Ahora bien, según nuestro punto de vista, la autenticidad existencial sólo puede recuperarse mediante la experiencia religiosa, porque ésta constituye el fundamento de la subjetividad humana. De ahí que, desde la existencia, la libertad individual sólo se pone en juego cuando experimentamos la omnipotencia de la experiencia religiosa. En este sentido, la experiencia de Abraham, relatada por Kierkegaard, es el hilo conductor para esta recuperación.

Abraham realiza algo extraordinario, pues la finalidad de su acto supera la esfera de lo ético. Al dirigirse a un plano más alto produce una suspensión teleológica de lo ético que aniquila lo general, encarnado por el orden jurídico establecido.[32] La destrucción de lo ético es el único punto de contacto entre lo general y el acto llevado a cabo por Abraham. En realidad, su acto no posee implicación ética alguna, pues no tiene como finalidad la vida de la comunidad. No pretende salvar la unidad política de la comunidad ni apaciguar la cólera de los dioses… ni mucho menos salvar un pueblo.[33] La experiencia de Abraham nos coloca, entonces, ante dos tipos de deber: el deber de la comunidad, objetivado en la moral pública, y el deber personal hacia aquello que consideramos divino y, por tanto, superior a la moral pública. Nada asegura, empero, que este deber personal hacia Dios no sea más que el resultado de la demencia del propio Abraham o de su errónea interpretación de la voluntad divina. Lo cierto es que, al renunciar a través de su acto al ámbito de lo general, él ha llevado a cabo un sacrilegio, una ὕβρις o un pecado (Anfaegtelse) contra la comunidad humana en favor de Dios.[34] El individuo particular, de este modo, se encuentra en una nueva condición existencial cuando la ética ha quedado suspendida. Abraham ha alcanzado esta condición y se mantiene en ella. La única explicación posible para esta nueva condición no es la mediación de la razón dialéctica, sino, como resaltará Kierkegaard, la unidad de la existencia humana, es decir, la “unidad de la pasión”. Sólo por la pasión es posible suspender teleológicamente lo ético.[35]
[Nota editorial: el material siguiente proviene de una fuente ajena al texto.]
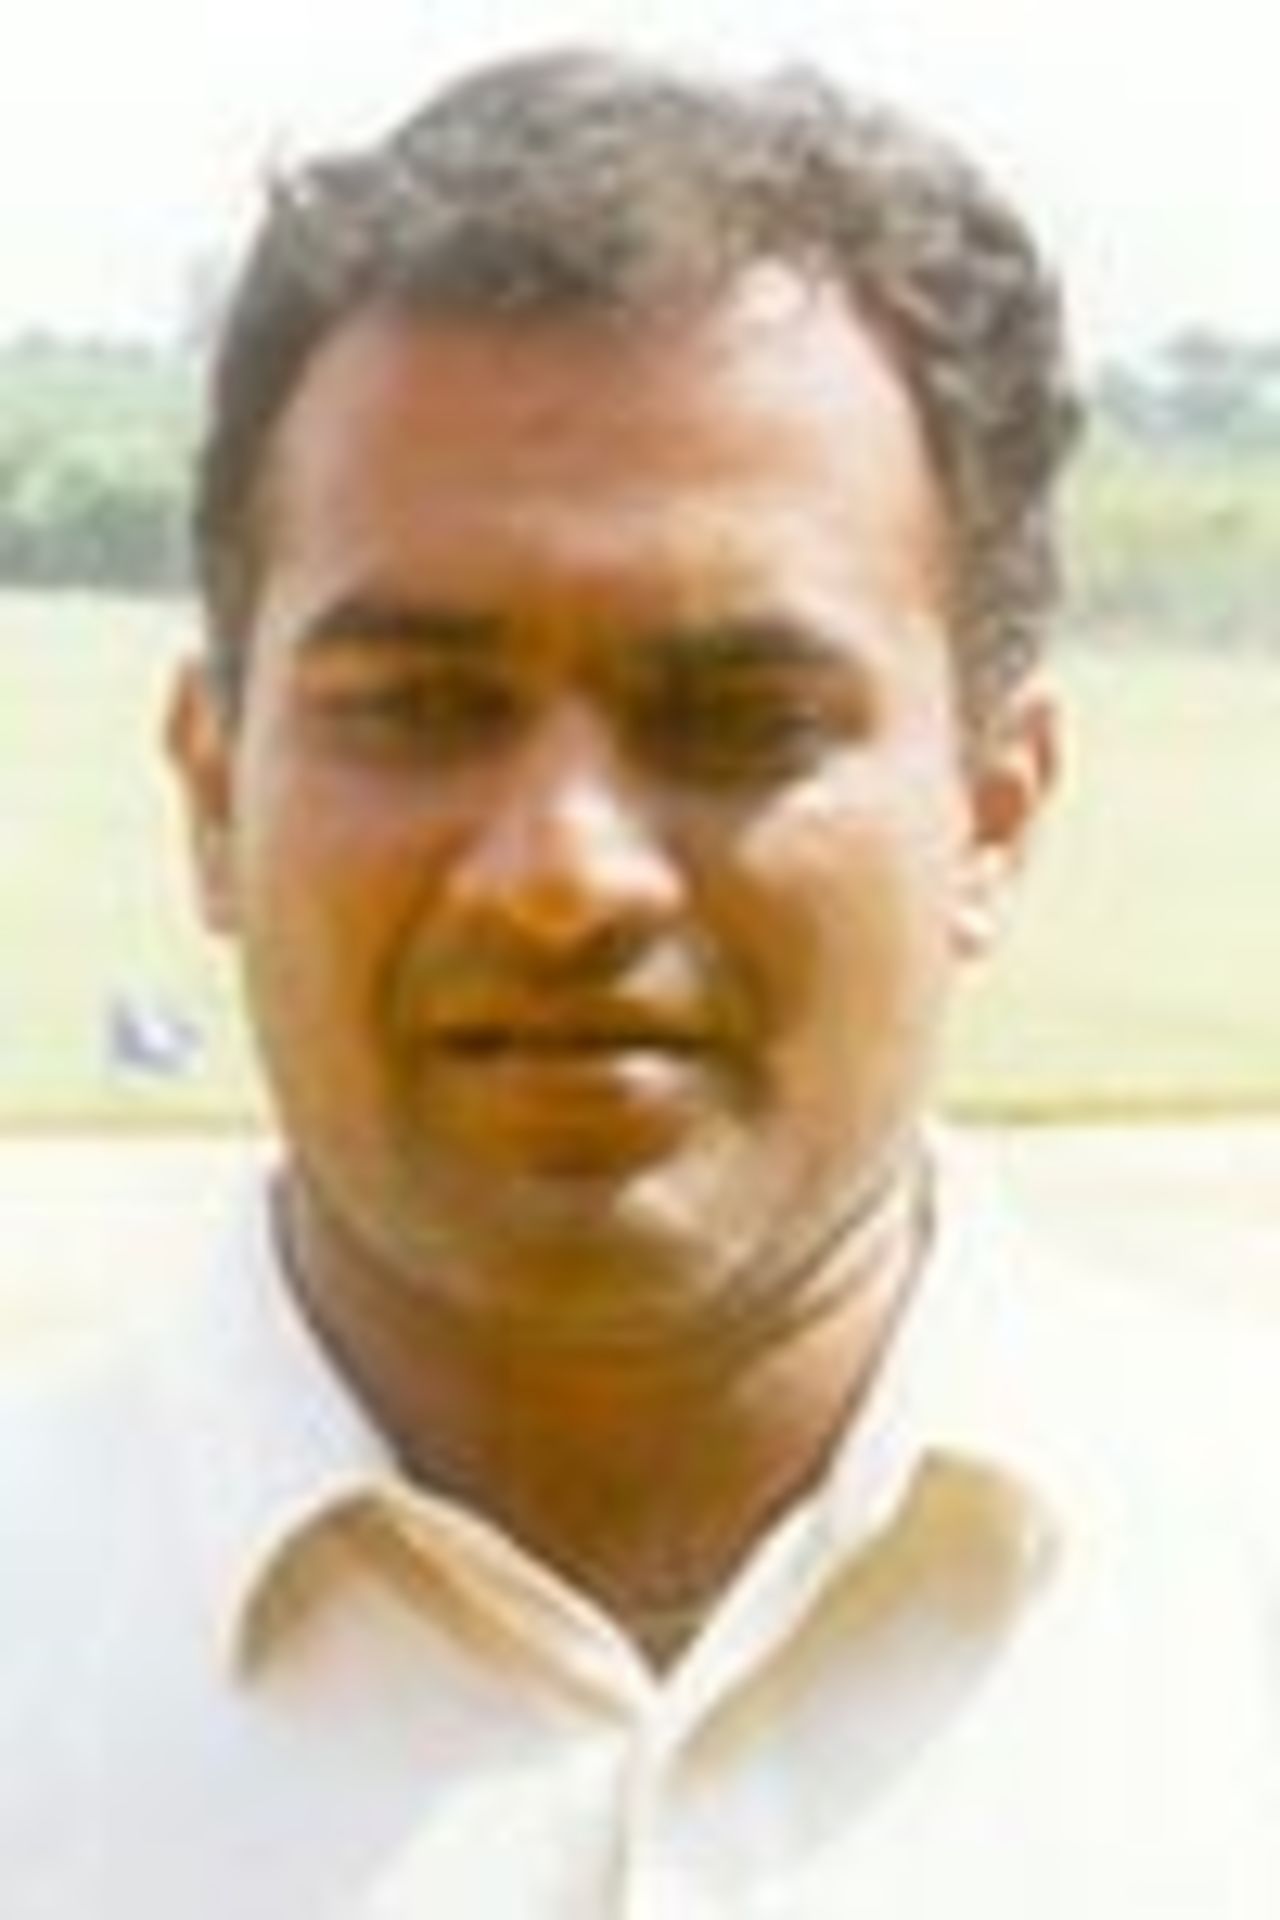 RG Shyaam Sundaar, Indian Bank Sports Recreation Club, Portrait

El poder de la libertad individual, en cuanto libertad de la existencia, radica precisamente en su capacidad para realizar la suspensión teleológica de lo ético. Desde esta línea puede decirse que la libertad individual sólo es real cuando experimenta la angustia ante lo divino y destruye, por tal razón, el orden jurídico encarnado por la moral instituida. Tal es el ejemplo de Abraham. No obstante, en el contexto de este ensayo debemos preguntarnos qué relación existe entre la libertad individual interpretada existencialmente y la libertad política. ¿Cómo puede la libertad existencial fundamentar la libertad política? Indudablemente, la libertad existencial tiene el poder para destruir la ley y, a partir de esta destrucción, crear un nuevo orden espiritual en el seno de la subjetividad humana individual. Desde esta perspectiva, la libertad política siempre será una limitación (ciertamente necesaria) para la experiencia religiosa. Gracias a esta limitación la libertad existencial puede desplegarse efectivamente, ya que la experiencia religiosa cristiana siempre implica la confrontación con el orden establecido, como lo muestra el martirologio de los apóstoles.

 

El origen de la libertad y su despliegue: lo abarcador

Dado que la relación entre la libertad política y la libertad existencial es necesariamente contradictoria, debemos determinar el modo en que tal relación se reproduce en la vida social del individuo. Por paradójico que parezca, esta relación antagónica se reproduce únicamente en las sociedades liberales, ya que en las sociedades totalitarias la libertad individual no existe propiamente. En ellas la libertad existencial se enfrenta a otro tipo de desafíos como la muerte y la esclavitud. Parecería que la libertad existencial tiene un mejor destino en las sociedades liberales; sin embargo, esto no es así en realidad, pues en Occidente aquélla está expuesta a algo quizá peor: el vacío. Esta experiencia se encuentra instalada en la vida de la sociedad contemporánea desde hace algún tiempo y tiene su máxima expresión en las “enfermedades mentales” de tercera generación.[36] Así pues, el ejercicio de la libertad existencial implica el enfrentamiento contra esta nueva condición, enraizada en la moral social que se despliega a lo largo de la modernidad y se expresa en la confrontación entre la experiencia interior religiosa y la moral instituida. En el seno de la filosofía esta oposición ha sido estudiada por Karl Jaspers como la doble determinación de excepción y autoridad.[37] Corresponde a la libertad existencial el lugar de la excepción; y, a la libertad política, el de la autoridad. Según Jaspers la única posibilidad de que la verdad sea realizable en la vida del individuo es a través de la revelación de la alteridad; pero no a partir del conocimiento de una totalidad, puesto que sólo lo que nos “viene al encuentro” puede tener la cualidad del ser. En este sentido, tal revelación tampoco se nos da como unidad y totalidad como consecuencia de nuestra condición temporal, sino siempre como una “manifestación histórica” concreta.[38]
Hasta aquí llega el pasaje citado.